The small beast of face D has many Trewhiddle-style characteristics, such as the extended hind leg and body nicks (Wilson 1961, 99–106; Lang 1977, 82), but the nose-fold and incised scroll joints prepare the way for the York Metropolitan School animals (see Chap. 9).
The Second Sculptor also looks to late Anglian sculpture, probably in the North Midlands, for some of his models. The beast-chain of face B is composed of 'Great Beasts', despite their fettering, and the diagonal slipping of the hind-quarters is reminiscent not only of Folkton 2 locally (Ills. 448–9), but of a shaft at Breedon, Leicestershire (Fig. 7a; Lang 1978b, 149, fig. 8.3B; idem 1978c, 13, 15, fig. 2B–C). The secular figure with the Viking-type sword on face A, and the liking for scrolled joints, belong to the local Anglo-Scandinavian milieu, as does the confronted fettered pair of wyverns on face C. Yet the same sculptor carves the Virgin and Child, literate personages holding books, and what could well be a Crucifixion scene. The choice of scene, despite the pacific warrior portrait, is dominantly Christian.
The Christian iconography is, nonetheless, unusual.

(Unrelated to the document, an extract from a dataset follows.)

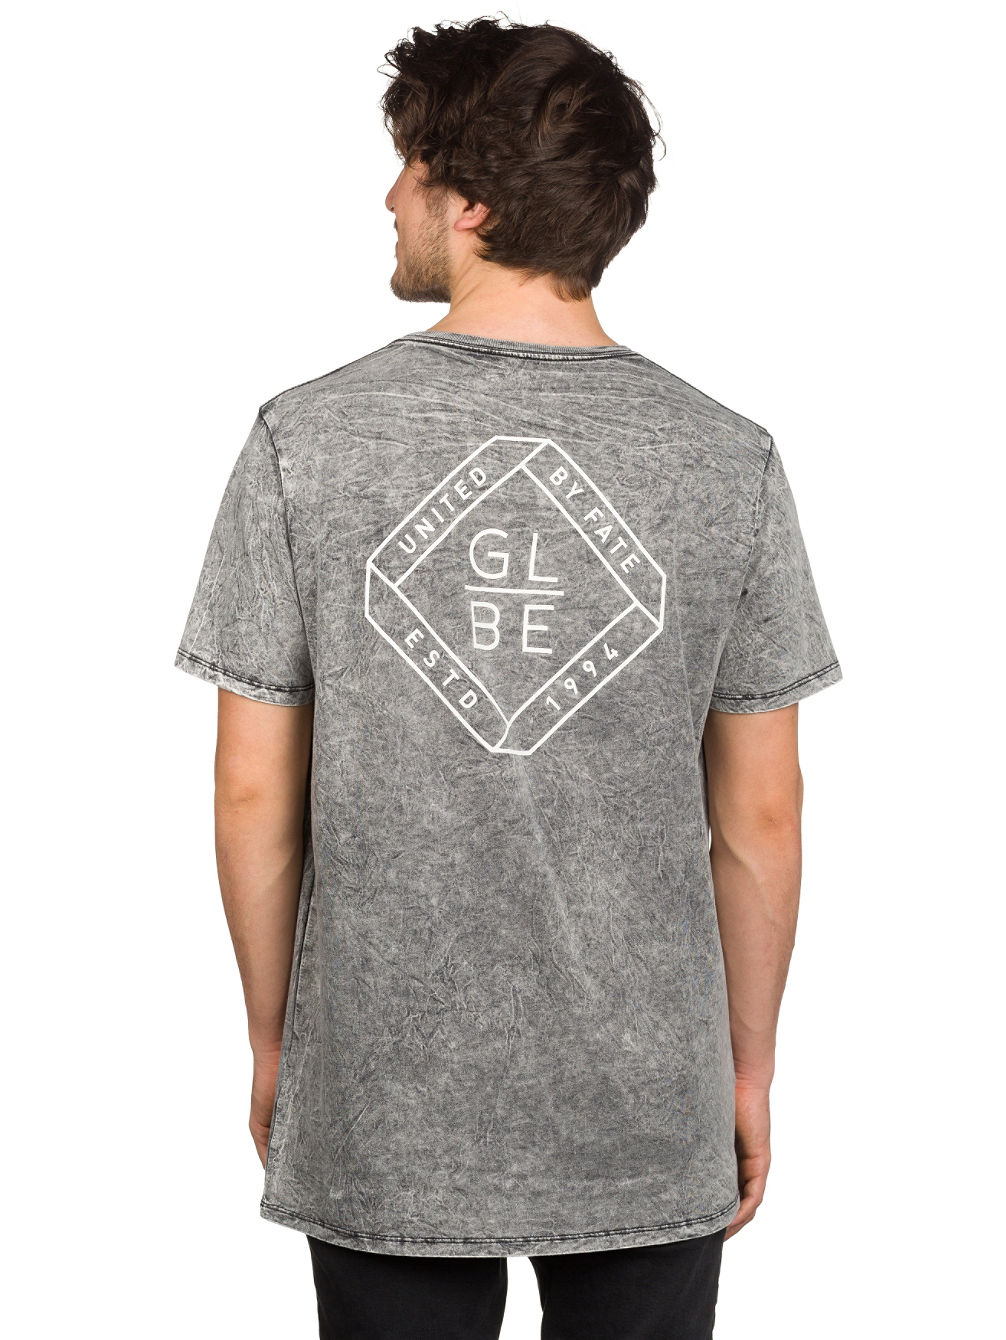 globe-smiths-t-shirt

The scene on the lower half of face C is a Crucifixion (Ill. 727) and is likely to have mistakenly inspired the carver of the Benediction scene on York Minster 2A (Ill. 6). The Crucifixion type is similar to Irish examples where Christ's large hands descend towards the heads of Longinus and Stephaton whilst winged angels rest upon his shoulders, for example, on the Castledermot South Cross, co. Kildare (Ill. 912). The Virgin and Child carving (Ill. 723) also seems to lie behind its counterpart on Sutton upon Derwent 1 (Ill. 868), even the clumsy hold being perpetuated. The same scene at Shelford, Nottinghamshire, should be compared. This group of Virgin and Child motifs is unusual in the north at this period and may look back to earlier Insular models. The Nunburnholme Christ-child looks outwards and sits as he does on St Cuthbert's coffin. The crude Sutton upon Derwent copy, however, reflects the Book of Kells position, looking up at the Virgin (Henderson 1987, 154–5). The figure on the lower half of face D represents a mass scene, with chalice and host, but the Second Sculptor recognized its significance and, indeed, glossed it by introducing the feast of Sigurð and Reginn in juxtaposition (Lang 1977, 88).
Ninety per cent of the features of the Nunburnholme shaft can be attributed to a Christian, Anglian tradition, and this includes the Second Sculptor's work. Despite the warrior panel, the monument does seem primarily an ecclesiastical product with cultural leanings towards Mercia. Scandinavian input is minimal: a sword hilt and a Germanic myth. The Leeds Parish Church shaft (Ill. 920) is of the same genus and both testify to the unbroken tradition of ecclesiastical monuments extending through the Viking Age. The 'warrior' might be the benefactor, like many a Northumbrian king, but the style and the iconography need not have been of his choosing.